====== Data provided ======

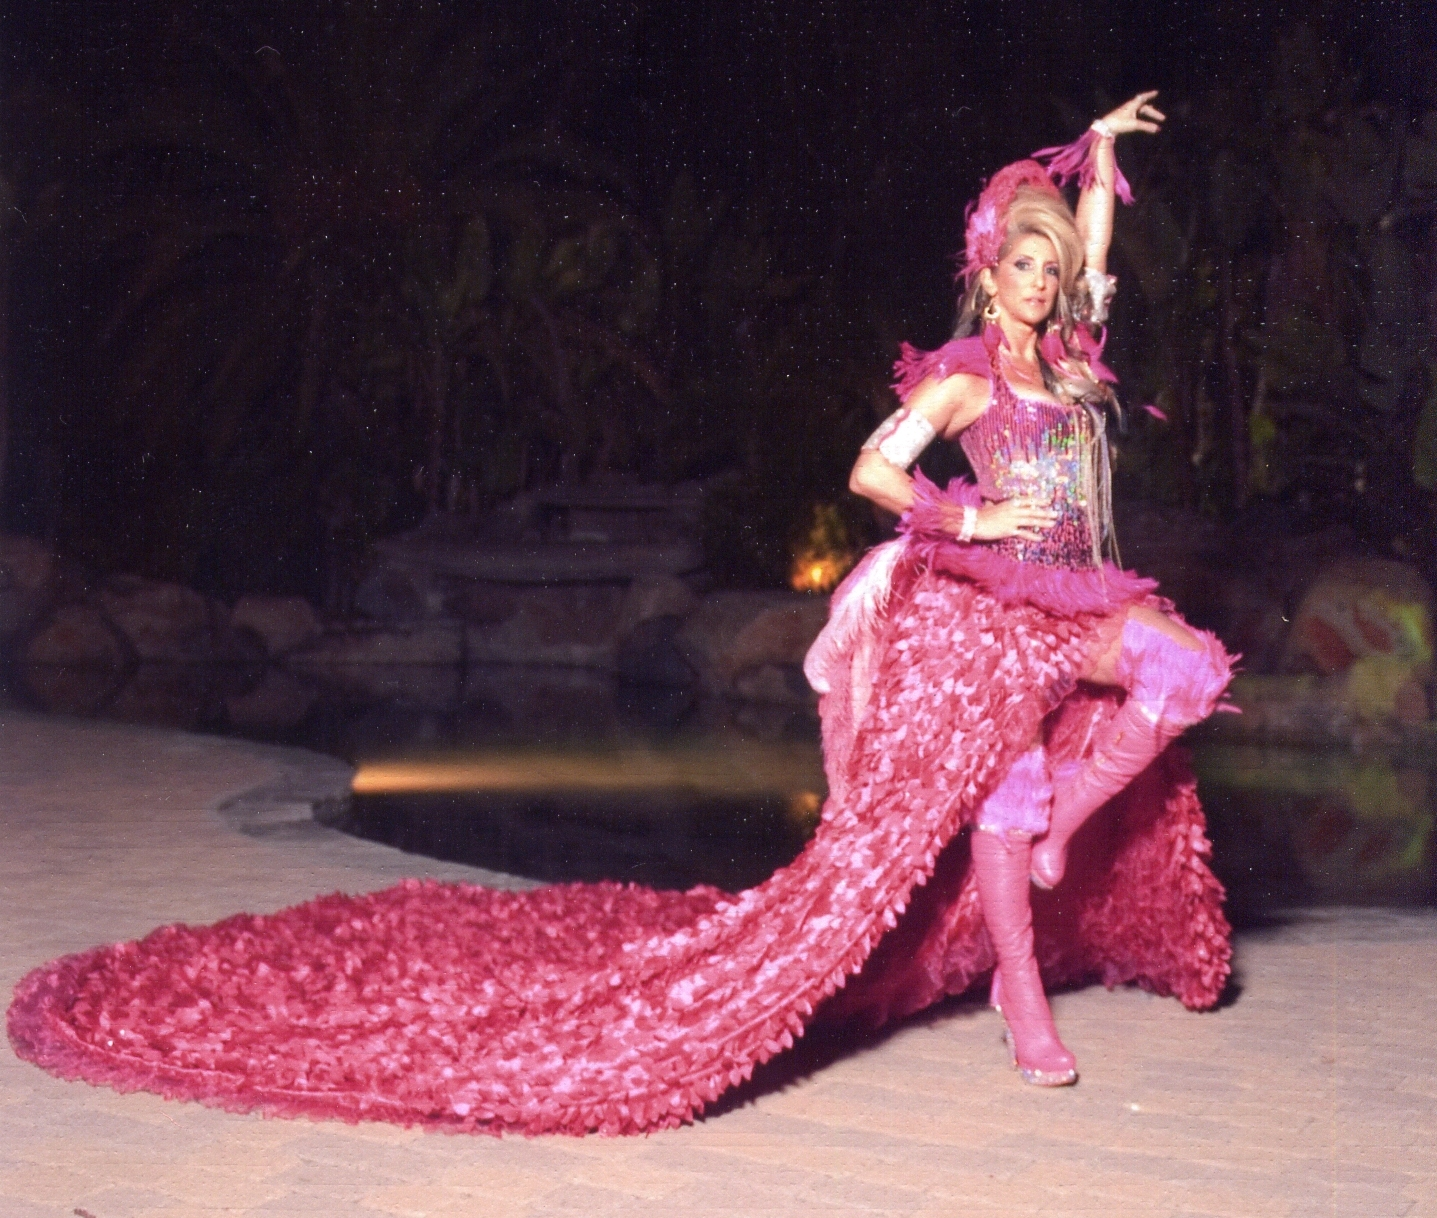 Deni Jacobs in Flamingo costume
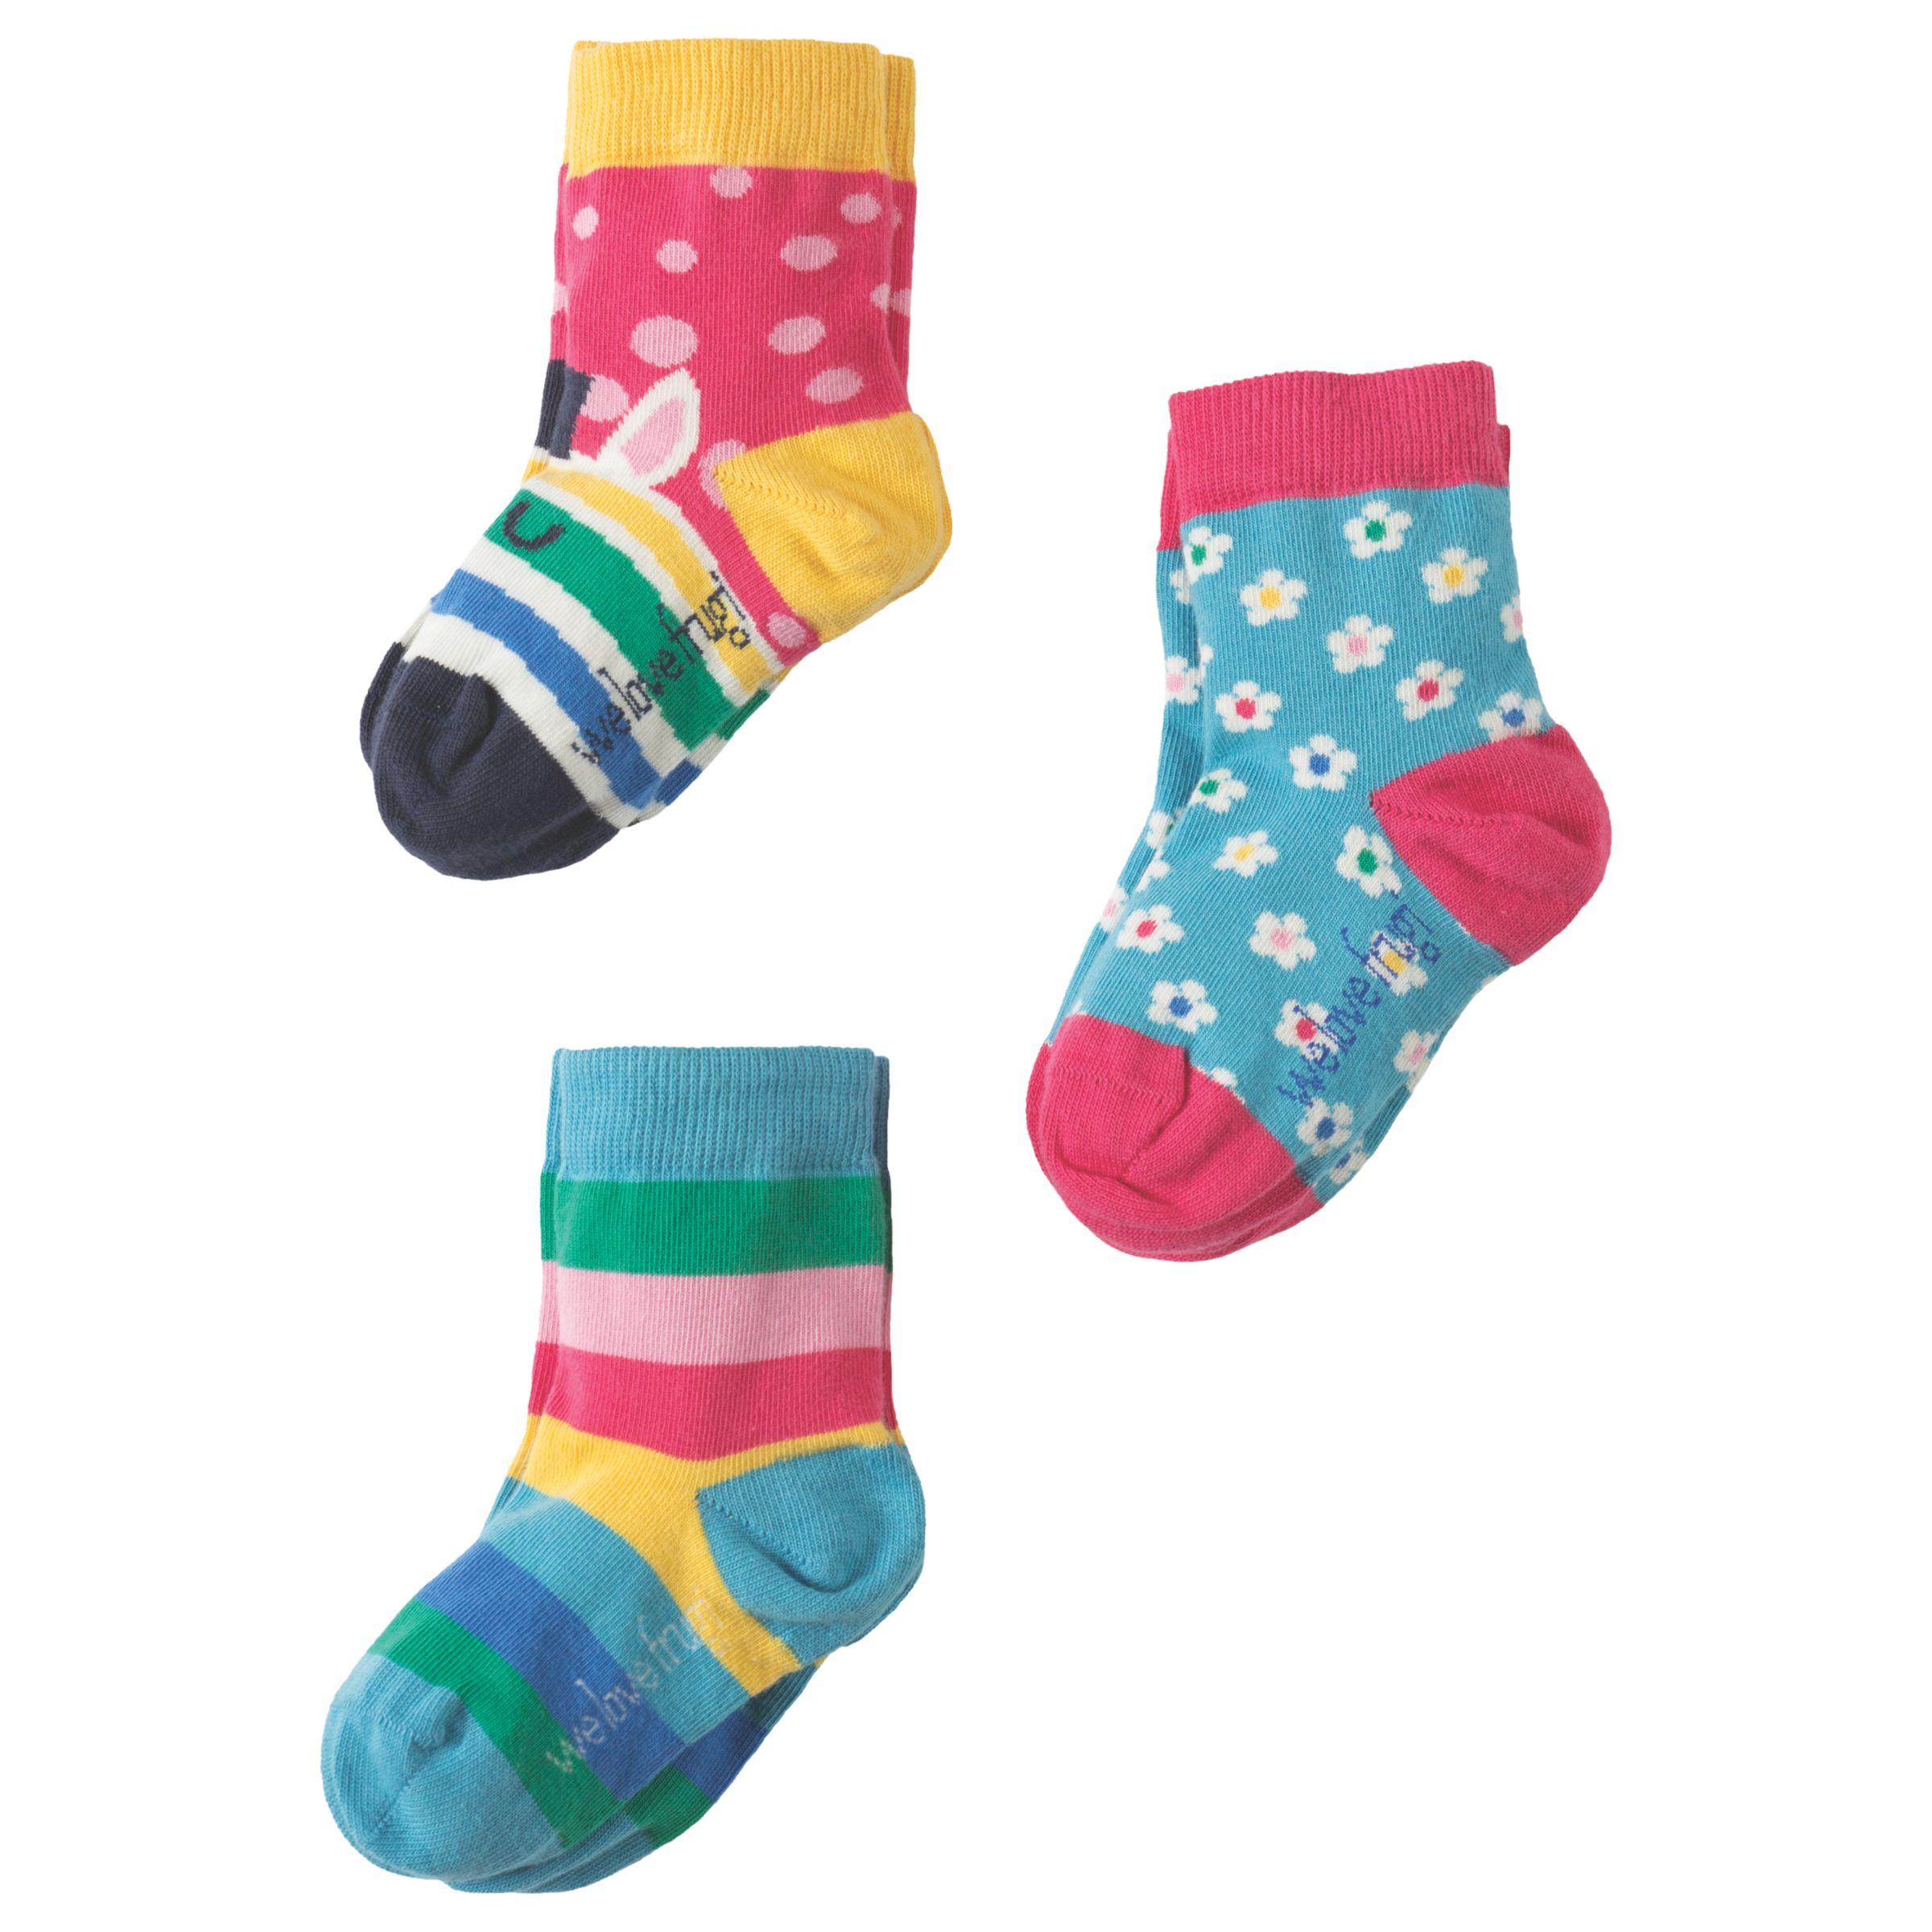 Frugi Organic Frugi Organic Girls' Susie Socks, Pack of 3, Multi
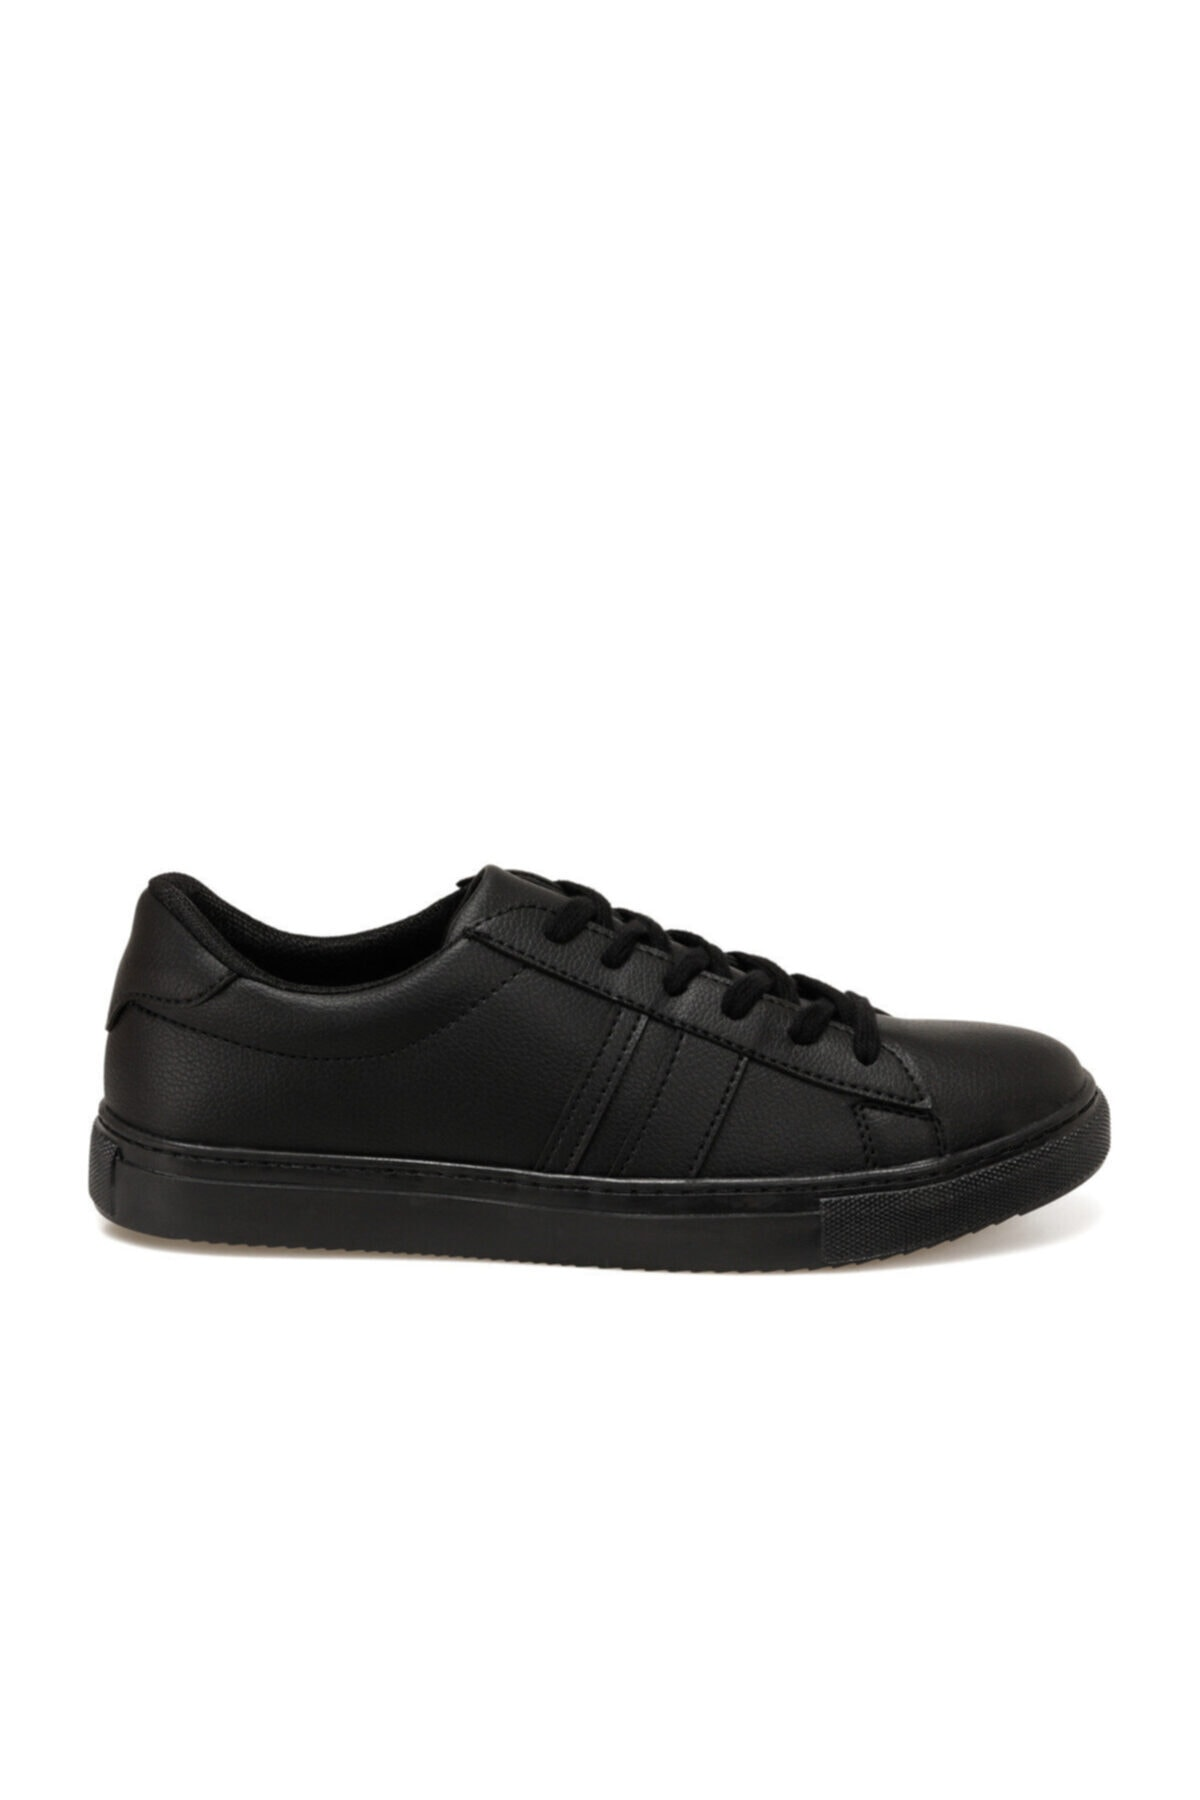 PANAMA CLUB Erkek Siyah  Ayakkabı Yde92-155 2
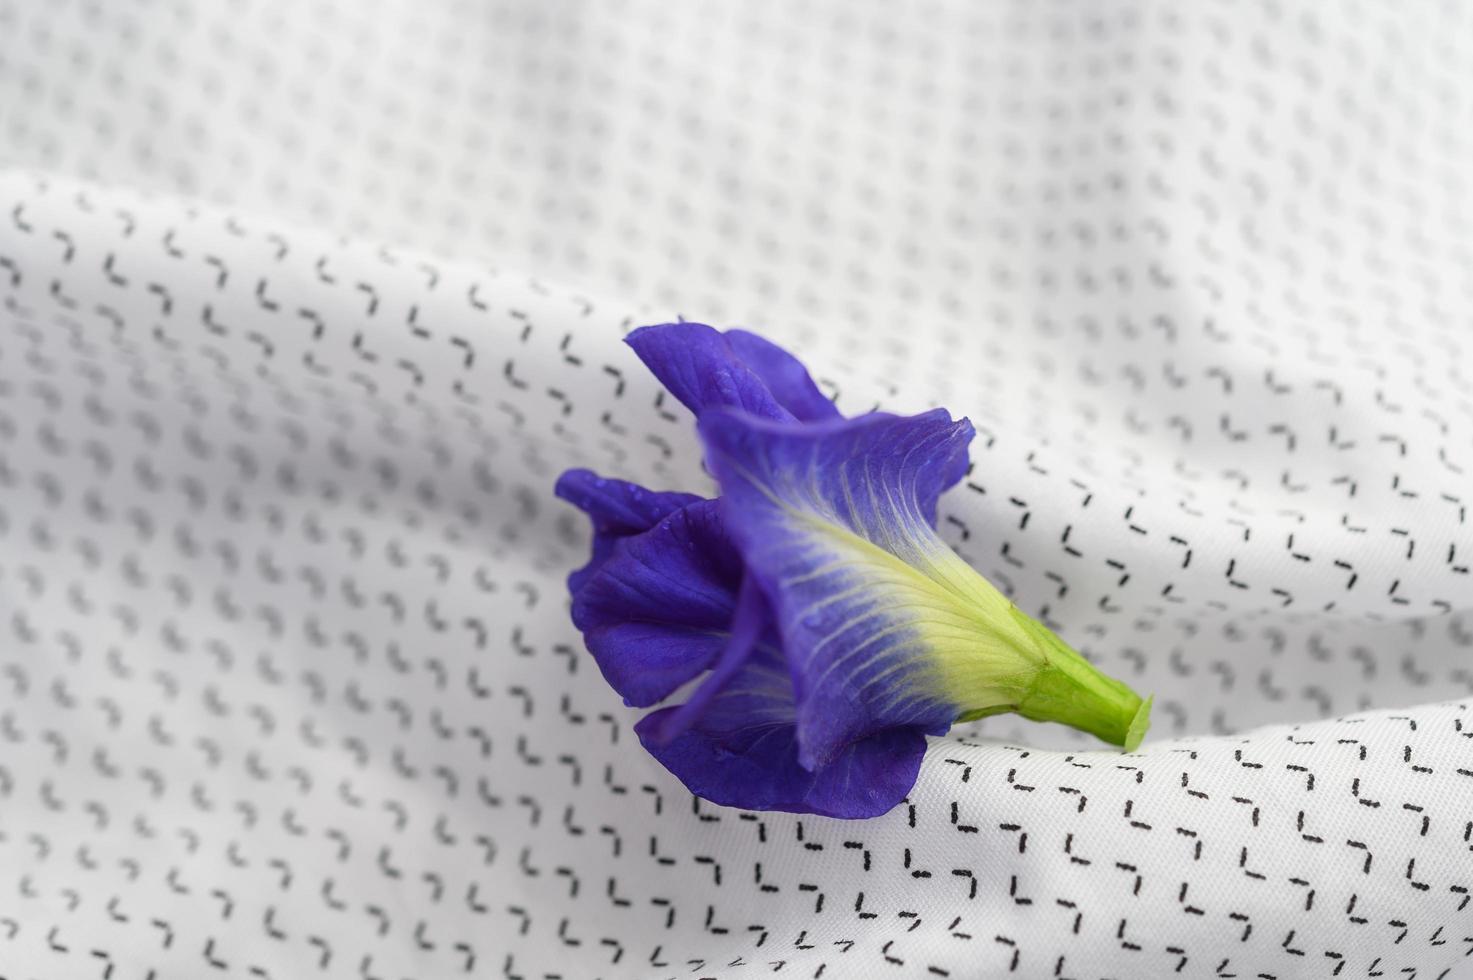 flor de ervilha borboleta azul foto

======

### Exercise brief
The copy runs from the line containing "Frugi Organic Frugi" through the last line of the material, both ends included. Reproduce those lines exactly and drop the pictures.

### Task result
 Frugi Organic Frugi Organic Girls' Susie Socks, Pack of 3, Multi
 PANAMA CLUB Erkek Siyah  Ayakkabı Yde92-155 2
 flor de ervilha borboleta azul foto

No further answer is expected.